[MATERIAL FOR THIS TASK]
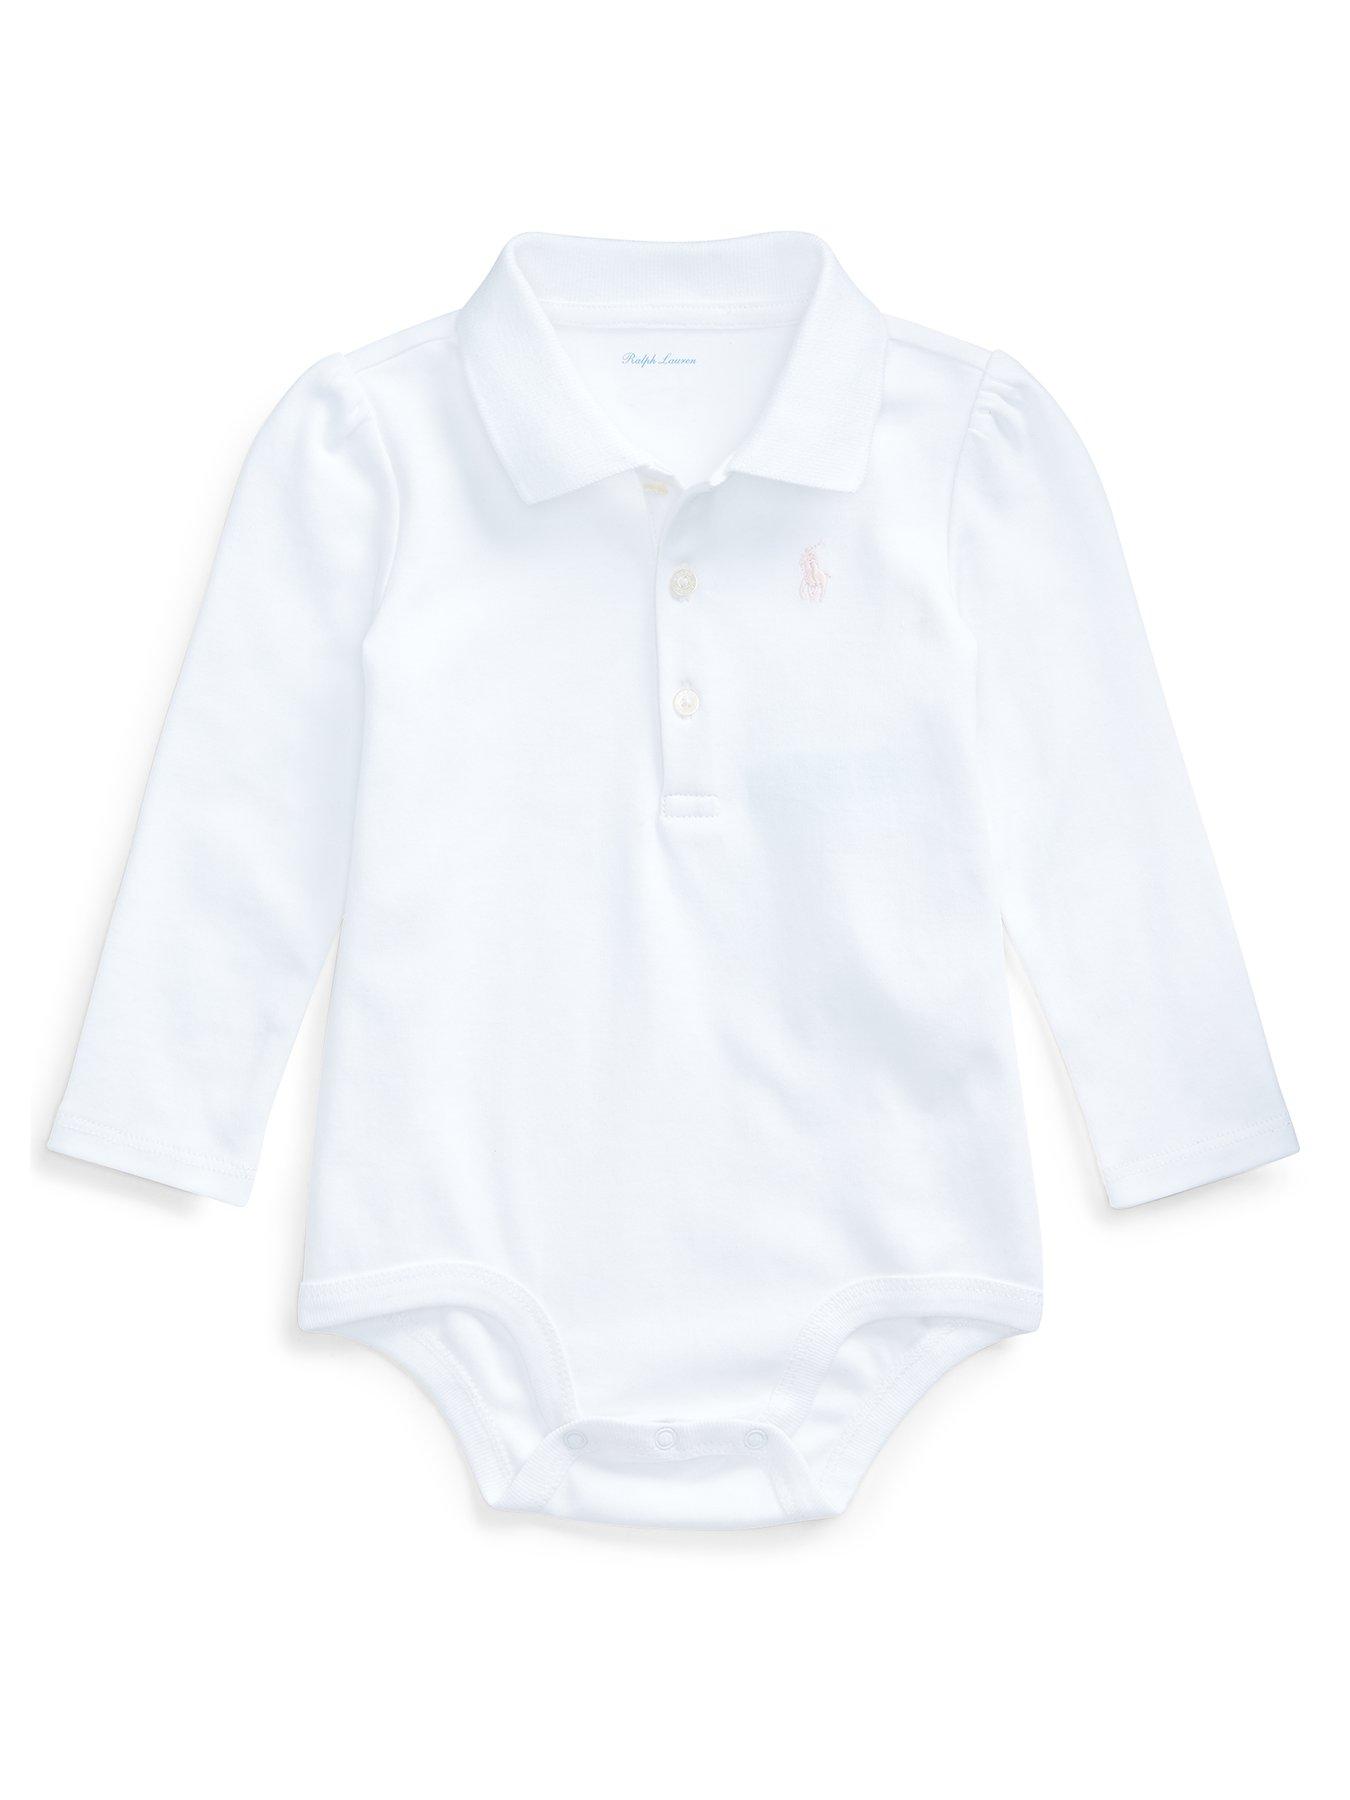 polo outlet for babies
[/MATERIAL FOR THIS TASK]
[MATERIAL FOR THIS TASK]
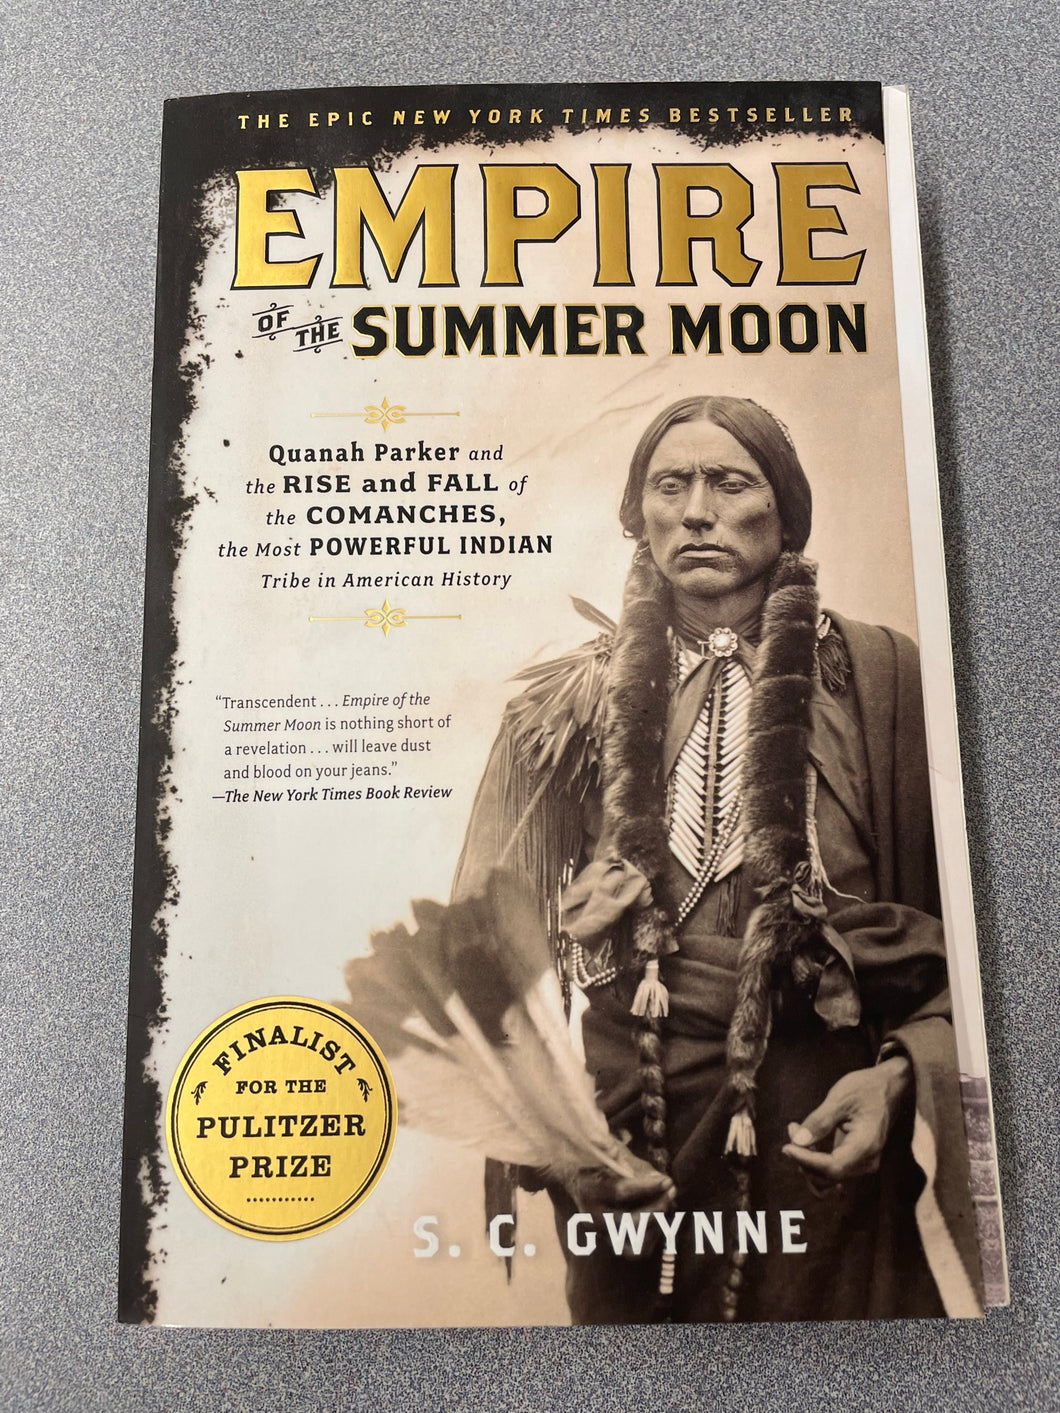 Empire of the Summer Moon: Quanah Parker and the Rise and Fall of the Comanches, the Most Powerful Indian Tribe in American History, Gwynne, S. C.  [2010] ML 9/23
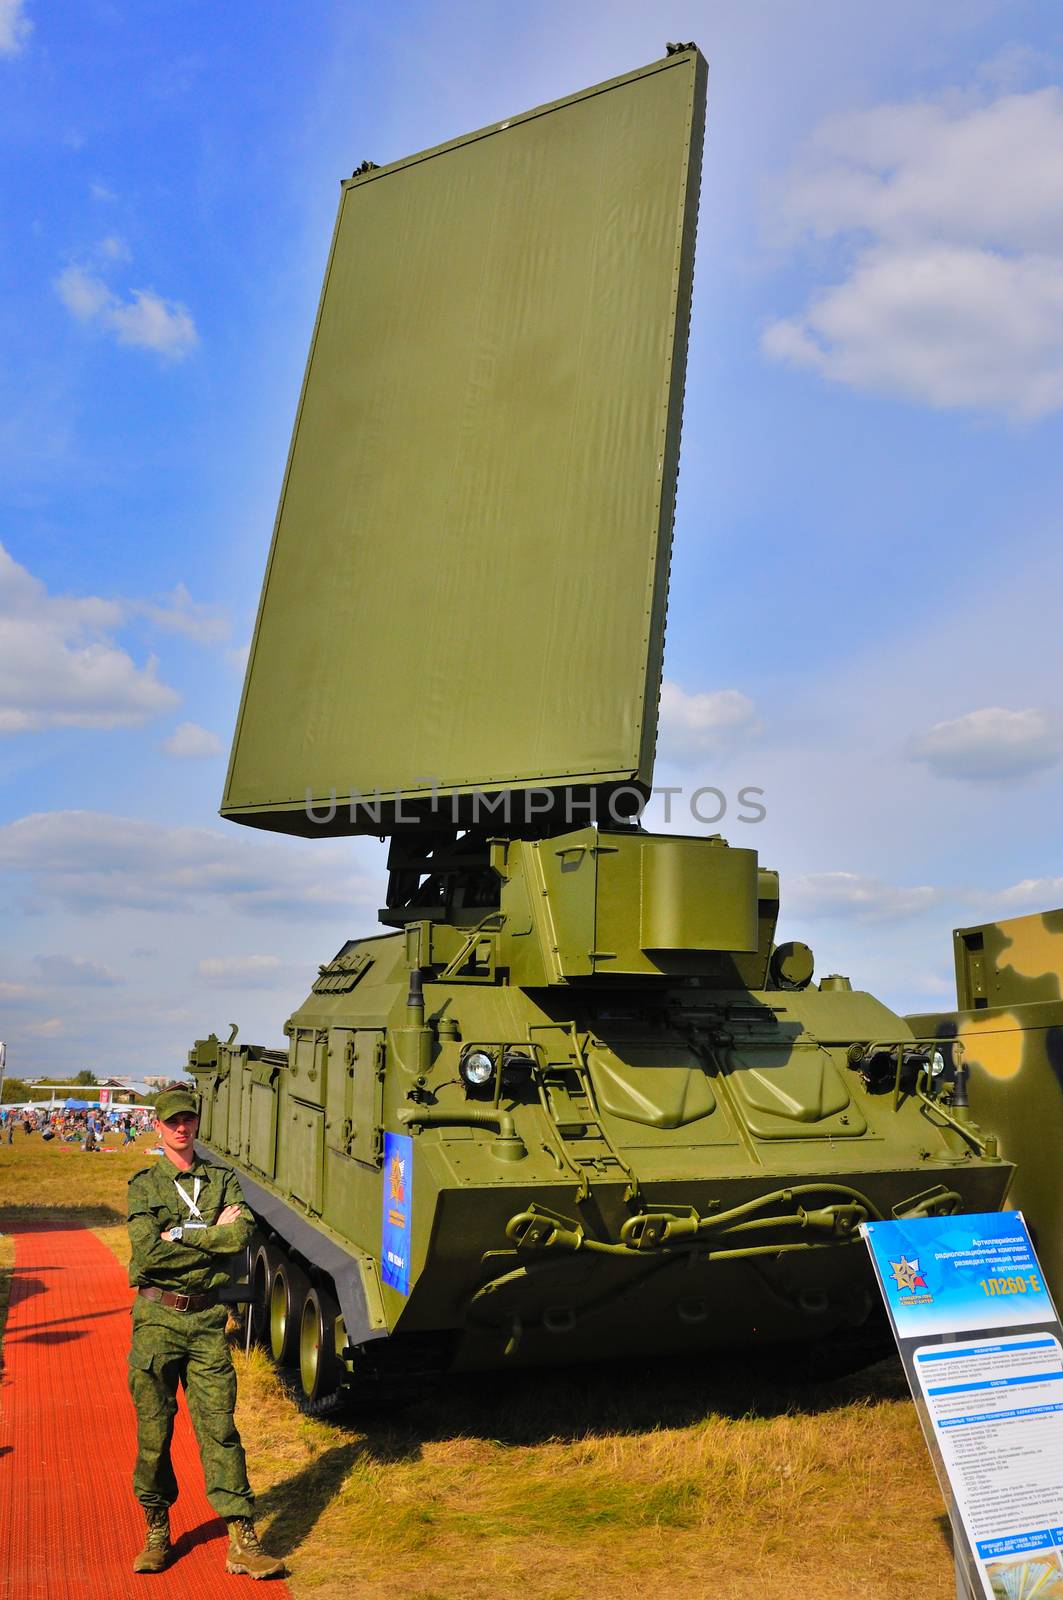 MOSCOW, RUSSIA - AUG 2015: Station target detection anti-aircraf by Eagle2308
[/MATERIAL FOR THIS TASK]
## AIM OF THE EXERCISE
Beginning at the line that has "Empire of the" and ending at the line that has "MOSCOW, RUSSIA - AUG", restate the listing above word for word, pictures left out.

## EXERCISE ANSWER
 Empire of the Summer Moon: Quanah Parker and the Rise and Fall of the Comanches, the Most Powerful Indian Tribe in American History, Gwynne, S. C.  [2010] ML 9/23
 MOSCOW, RUSSIA - AUG 2015: Station target detection anti-aircraf by Eagle2308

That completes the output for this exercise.